Alimentation 27 août 2014

Protéger Metro pour faire la souveraineté alimentaire

af8272b43f3fefe720c209cb3c81b48b

Pour faire la souveraineté alimentaire, il faudra protéger le dernier distributeur québécois qu’est la chaîne Metro.

C’est ce que concluent deux chercheurs de l’Institut de recherche en économie contemporaine (IRÉC) dans une analyse percutante fraîchement publiée.

Et il faudrait faire intervenir financièrement la Caisse de dépôt et placement du Québec afin de renforcer l’actionnariat québécois chez Metro, insistent les chargés de projet François L’Italien et David Dupont.

Ces derniers constatent qu’« en raison de la composition de son actionnariat, Metro est vulnérable à des offres d’achat non sollicitées ».

Ils s’inquiètent du « faible poids des actionnaires québécois dans la structure financière de Metro » et se disent préoccupés du fait que la Caisse de dépôt et placement soit absente du bloc de contrôle du distributeur. Pour eux, le bas de laine des Québécois devrait donc remplir son panier d’épicerie avec un fort volume d’actions de Metro.

Politique crédible

Le rapport de l’IRÉC, publié à la veille de la séance de travail convoquée par le ministre de l’Agriculture, François Gendron, analyse le rôle de Metro dans l’économie agroalimentaire du Québec et définit des moyens non seulement d’en conserver le contrôle, mais aussi d’améliorer sa contribution au développement de l’ensemble du secteur.

« Si le Québec veut se doter d’une politique crédible de souveraineté alimentaire, il devra porter une attention particulière à l’un des grands maillons de la chaîne : la grande distribution alimentaire », peut-on lire dans la note de présentation du rapport de l’IRÉC.

Ses auteurs ajoutent : « Au Québec, cette distribution est l’affaire d’un oligopole au sein duquel le seul joueur québécois, Metro, apparaît vulnérable à une prise de contrôle ».

Les chargés de projet David Dupont et François L’Italien rappellent qu’« après les acquisitions de Provigo par Loblaw et d’IGA par Sobeys, « la question du contrôle de Metro prend ainsi tout son sens avec le projet de souveraineté alimentaire ».

Ils recommandent en outre de favoriser l’accès des produits alimentaires québécois aux tablettes des magasins d’alimentation intégrés ou associés aux grandes chaînes de distribution.

Une autre de leurs recommandations porte sur le rôle que pourraient jouer « des fonds institutionnels comme la Caisse de dépôt et placement du Québec » pour « maintenir ce distributeur [Metro] au Québec ».
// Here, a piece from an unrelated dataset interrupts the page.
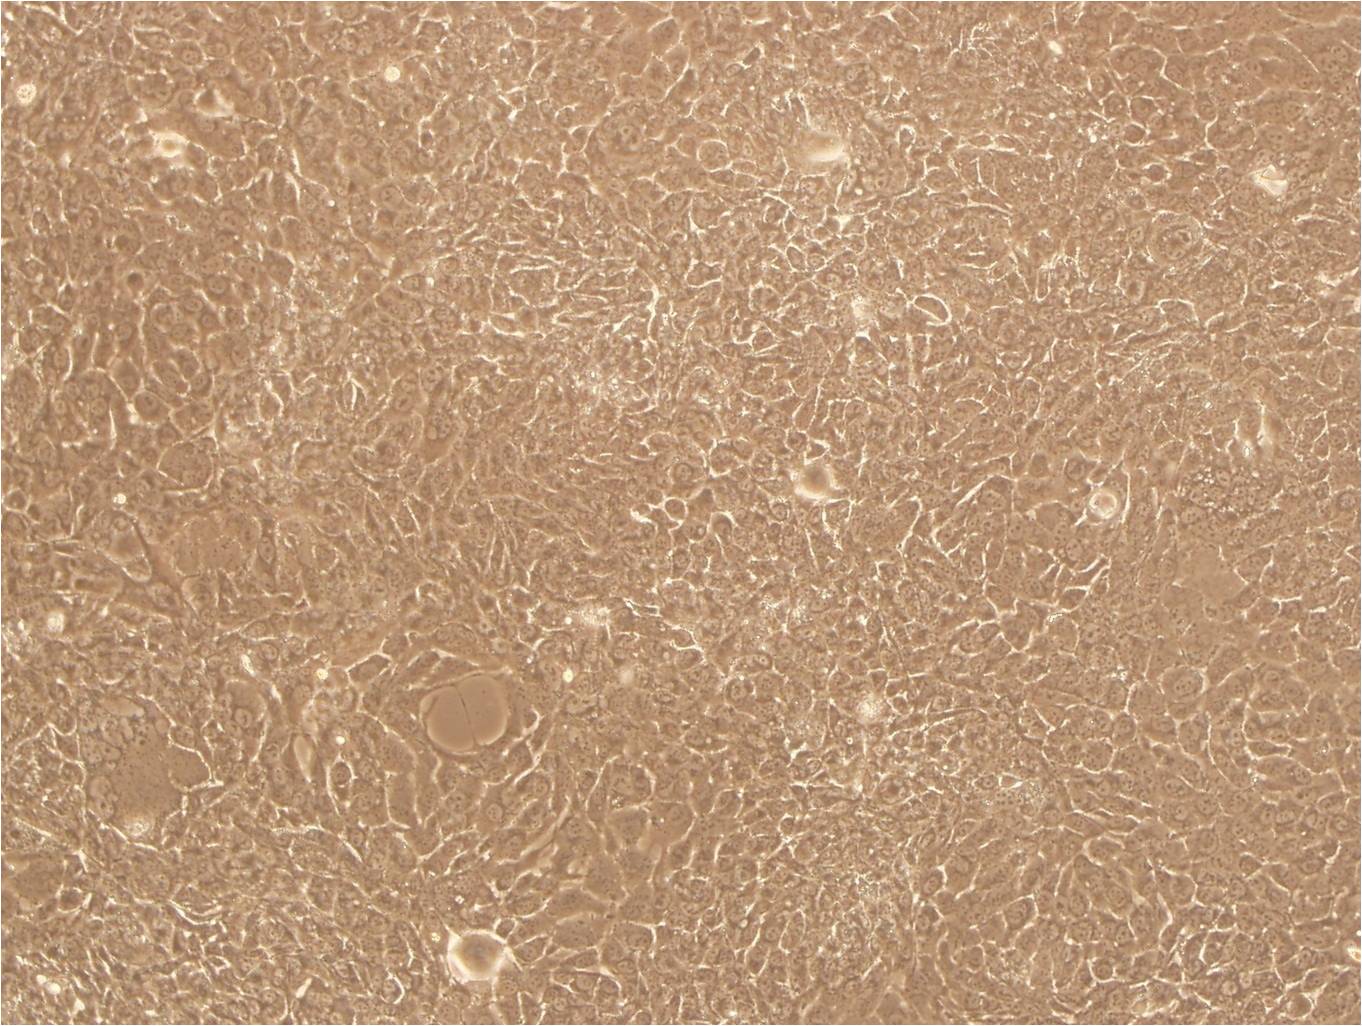 IMR-32:人神经母细胞瘤复苏细胞(提供STR鉴定图谱),IMR-32

Rappelons que Metro est le seul des trois principaux distributeurs alimentaires à avoir conservé son siège social au Québec.

Préserver la propriété

Tout récemment, le député libéral Raymond Bachand, qui a été ministre des Finances jusqu’à l’été 2012, avait lui aussi parlé de l’importance de préserver la propriété québécoise de Metro. Il avait fait des rapprochements entre la tentative d’achat hostile du quincaillier Rona et le potentiel que présente Metro pour un éventuel acheteur hors Québec.

Tout cela reste hypothétique, mais ils sont nombreux à craindre que la perte de Metro n’entraîne une rationalisation des achats auprès des producteurs et transformateurs alimentaires du Québec.

Au moment où le gouvernement vante les mérites de campagnes comme celle d’Aliments du Québec, producteurs et transformateurs souhaitent pouvoir compter sur un joueur solide, près de leurs marchés.

Dans les notes compilées par l’IRÉC, « plus de la moitié de tous les aliments vendus au Québec, qu’ils le soient dans les milieux de la restauration, dans les hôpitaux, hôtels ou écoles, à la Société des alcools, dans les dépanneurs ou ailleurs, le sont dans les supermarchés et autres épiceries ».

Enfin, les deux chargés de projet rappellent que la vente de Provigo au géant Loblaw a entraîné un « déplacement du centre de gravité » dans les achats de produits québécois. Depuis cette acquisition en 1998, les marques maison de Provigo ont été remplacées par celles de Loblaw.

Et le siège social de Provigo, qui comptait 1 200 employés en 2000, n’en a plus que 300. On parle maintenant d’un centre administratif. En outre, l’entrepôt de Loblaw a fermé ses portes à Québec, tandis que ceux de Boucherville et Saint-Laurent seraient menacés, dit-on.